Después de unos minutos de calentarla en la llama abierta de un mechero,
la mezcla comienza a burbujear y los últimos rastros de polvo blanco se
disuelven por completo en el agua salina. Como un gato, John J. se
relame los labios y jala el émbolo de la jeringuilla. La aguja succiona
hambrientamente el revoltijo, muy parecido al café con leche.
La apariencia es lo último que importa a lo que queda de este hombre,
a quien tampoco preocupa una hipotética escasez de heroína porque eso
es algo que nunca, jamás, en absoluto, pasa, pese a la guerra, los
policías y lo que dicen y hacen los gobiernos de Estados Unidos y
México. Es decir, siempre hay droga que inyectarse y quien se la venda a
él, que no es otra cosa más que el último eslabón en una cadena
productiva que se inicia 3.500 kilómetros al sur, en la sierra
guerrerense mexicana.
Gracias a la perspicacia empresarial con la que el cartel de Sinaloa y
los Guerreros Unidos han logrado establecer una envidiable logística de
producción-transporte-venta, Chicago y parte de Estados Unidos nadan hoy en heroína.

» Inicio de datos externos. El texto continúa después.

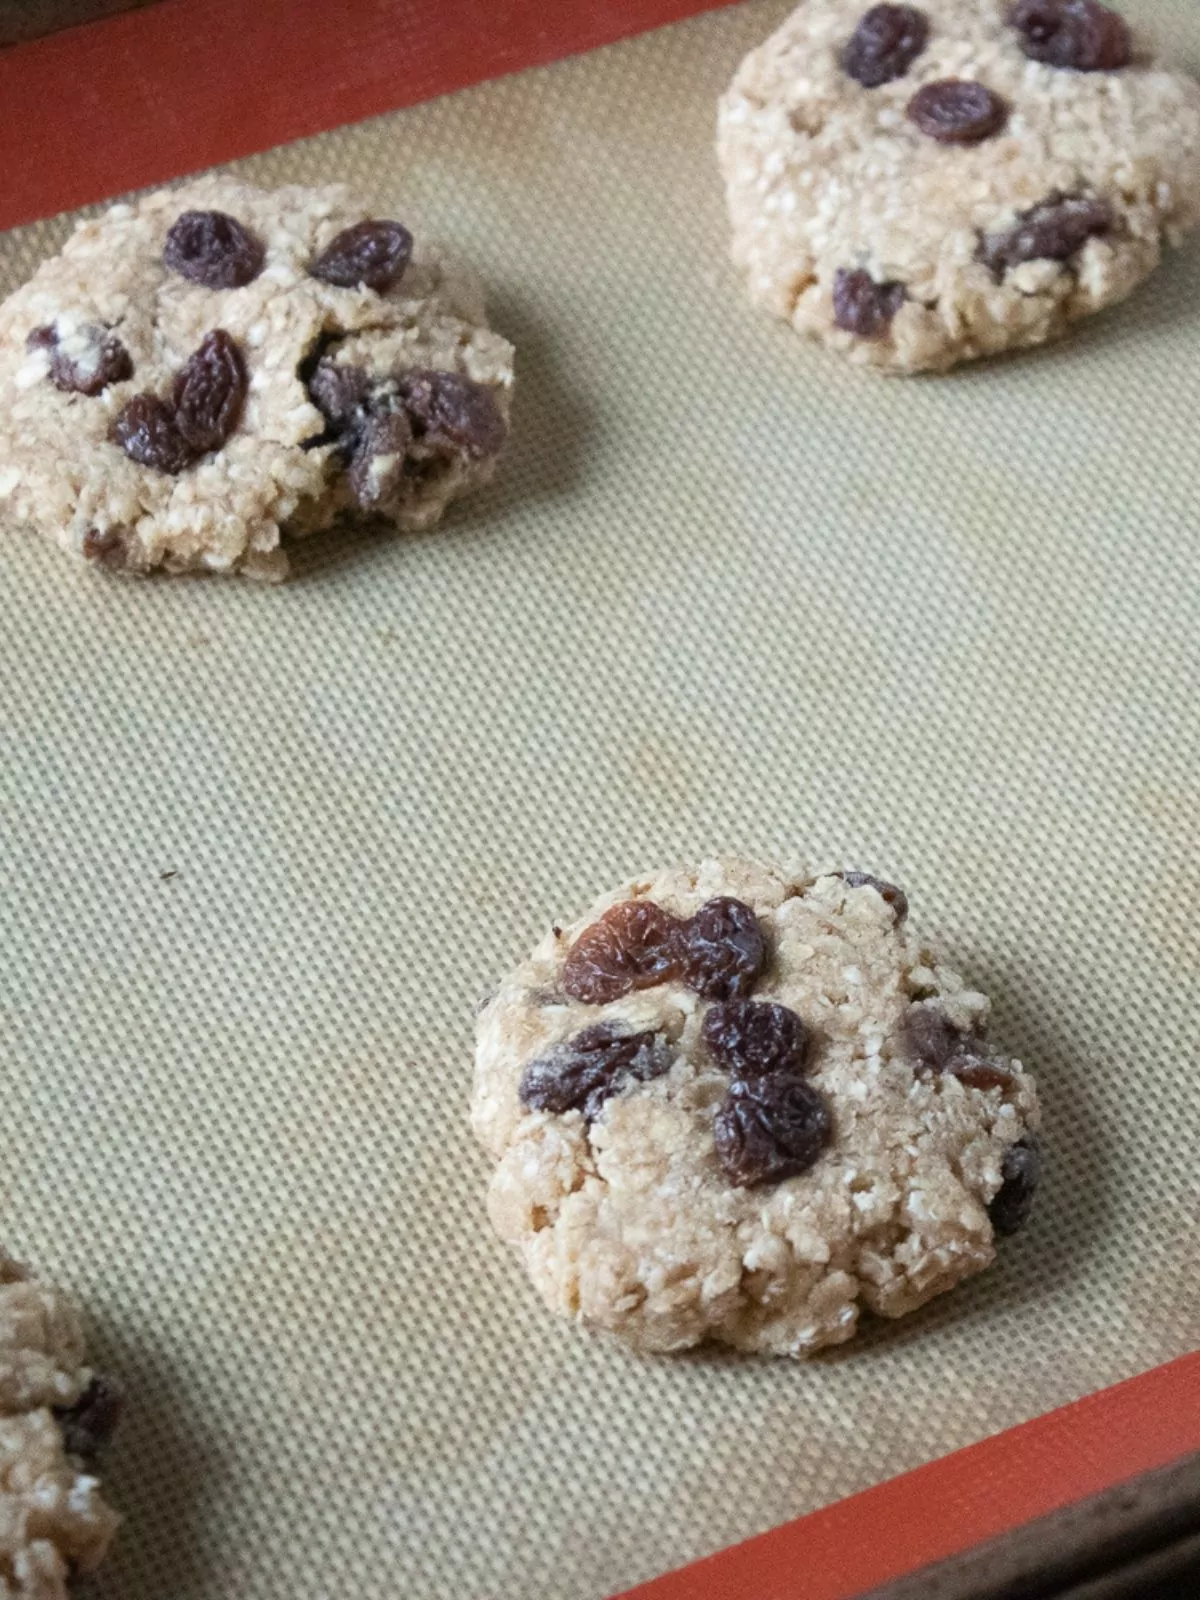 oatmeal raisin cookies on silpat baking tray.

La crisis es evidente tanto en los suburbios ricos como en las calles
más bravas de la ciudad, en donde las jeringuillas usadas se acumulan a
plena vista en los botes de basura municipal, sus agujas apuntando
ominosamente al aire. En el lado oeste, la parte más peligrosa de la
zona metropolitana, pareciera que hay un punto de venta en cada esquina.
En el este, su parte más afluente, hay miles de consumidores.